I created a Gist with the code for doing this:

https://gist.github.com/Jaza/61f879f577bc9d06029e

As far as I'm aware, this is the only feasible way to divide up a Blueprint at the moment. It's not possible to create "sub-blueprints" in Flask, although there's an issue open with a lot of discussion about this:

https://github.com/mitsuhiko/flask/issues/593

Also, even if it were possible (and it's probably do-able using some of the snippets from that issue thread), sub-blueprints may be too restrictive for your use case anyway - e.g. if you don't want all the routes in a sub-module to have the same URL sub-prefix.

Comments

0

I found a simpler alternatives than the current top 3 answers which I ended up not using because:

  1. The Blueprint approach in the first answer is an overkill for small apps.

  2. The package approach in the second answer has an ugly circular import, and import your_module annoyingly cannot be at the top of the app.py file.

  3. The Centralized URL Map is fine but I don't like the fact that centralized routes are separated from their views.
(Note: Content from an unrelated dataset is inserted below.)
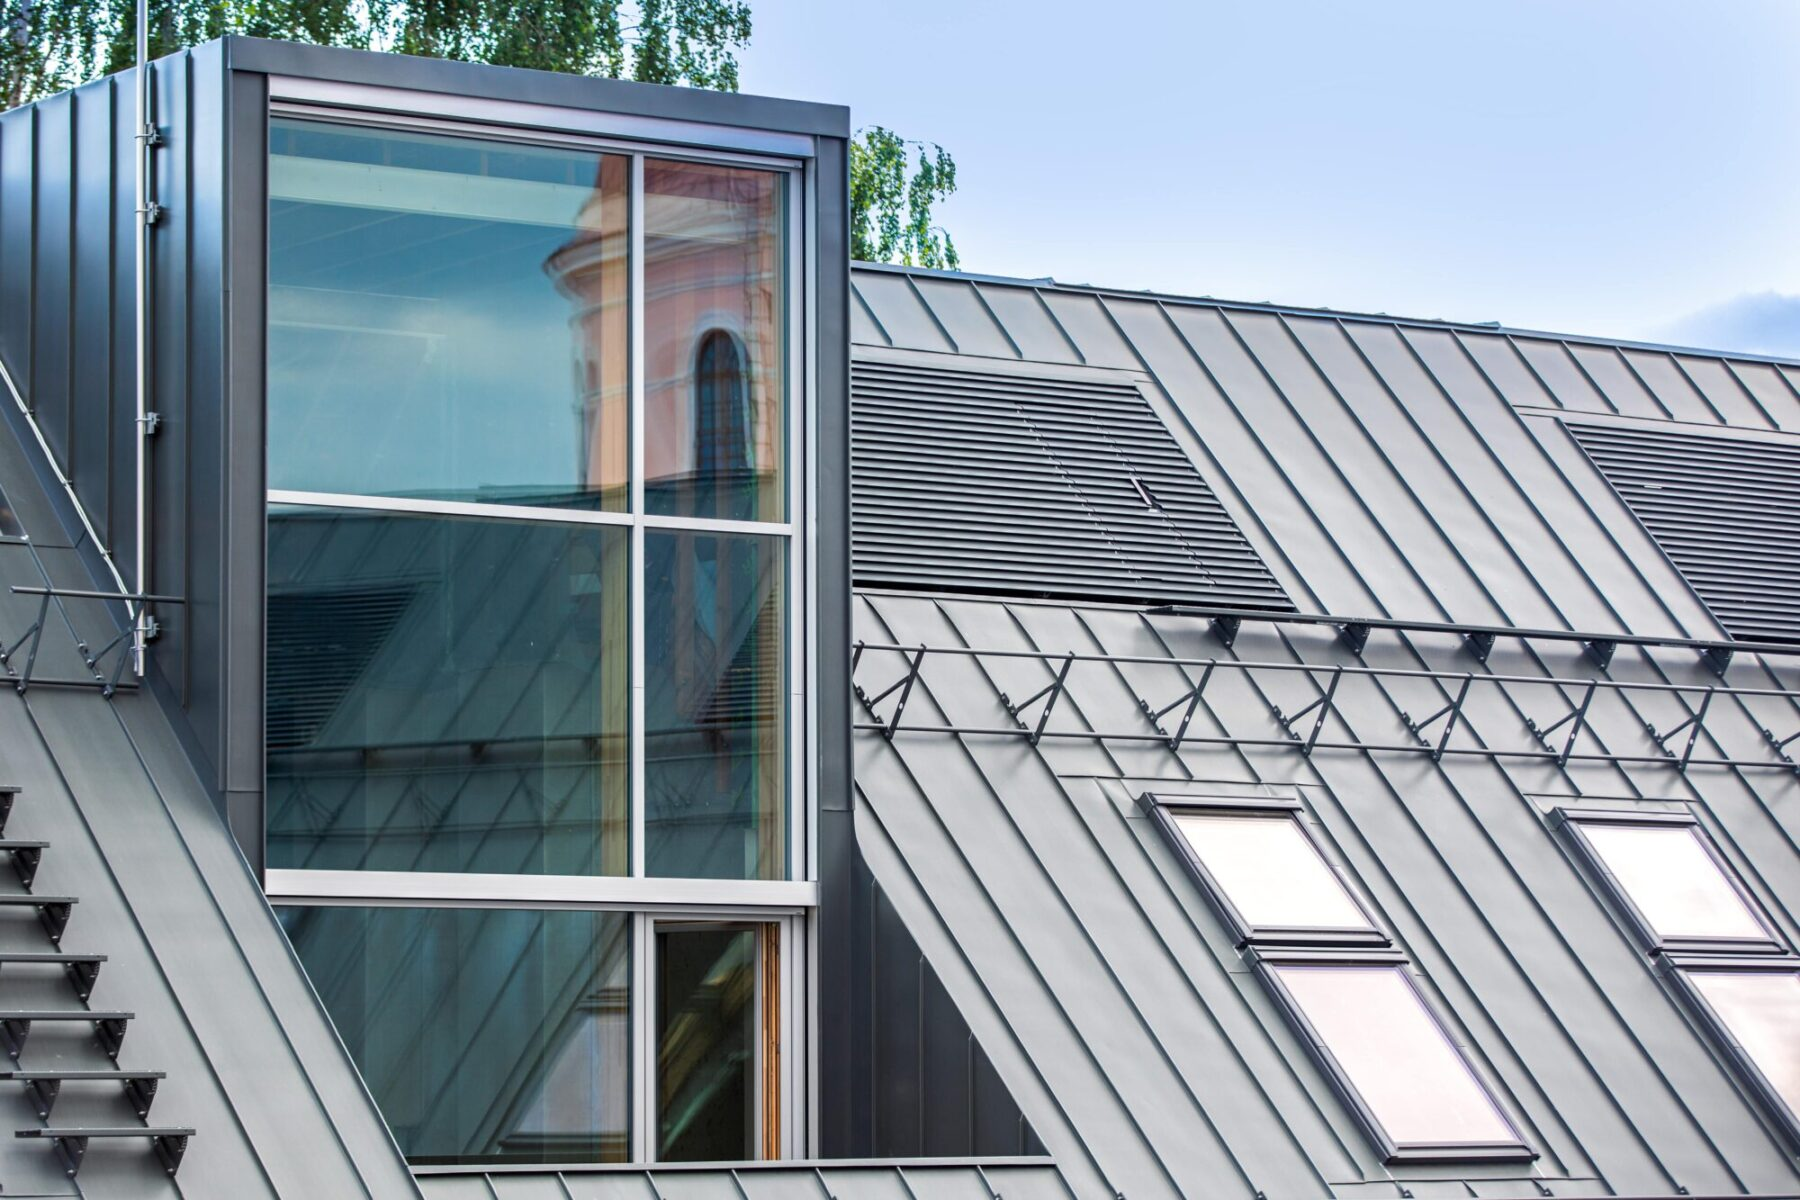 Fasadas-Aluvogas-Merko (5) - Copy

It turns out, there is a simpler fix to #2. Just move the app object into its own module (named app_factory.py, for example), and then have every other modules import that app_factory.py

For example.

app_factory.py

from flask import Flask

app = Flask(__name__)

and in your view files, import app like this:

view1.py

from app_factory import app

@app.route('/test', methods=['GET'])
def test():
    return 'it works!'

and in your main file app.py, import all the building blocks as you normal would, like:

app.py

from app_factory import app
import view1  # This can be put at the beginning of this file

@app.route('/')
def index():
    return 'hello world'

It works from my side.

Comments

-1

The solution is very simple. Make a new file and put app in that file. Then you could import that file anywhere. for example, in A.py app = Flask(name)

in B.py and C.py from A import *

1 Comment

You should avoid from something import * as it makes it difficult to follow what you’re importing.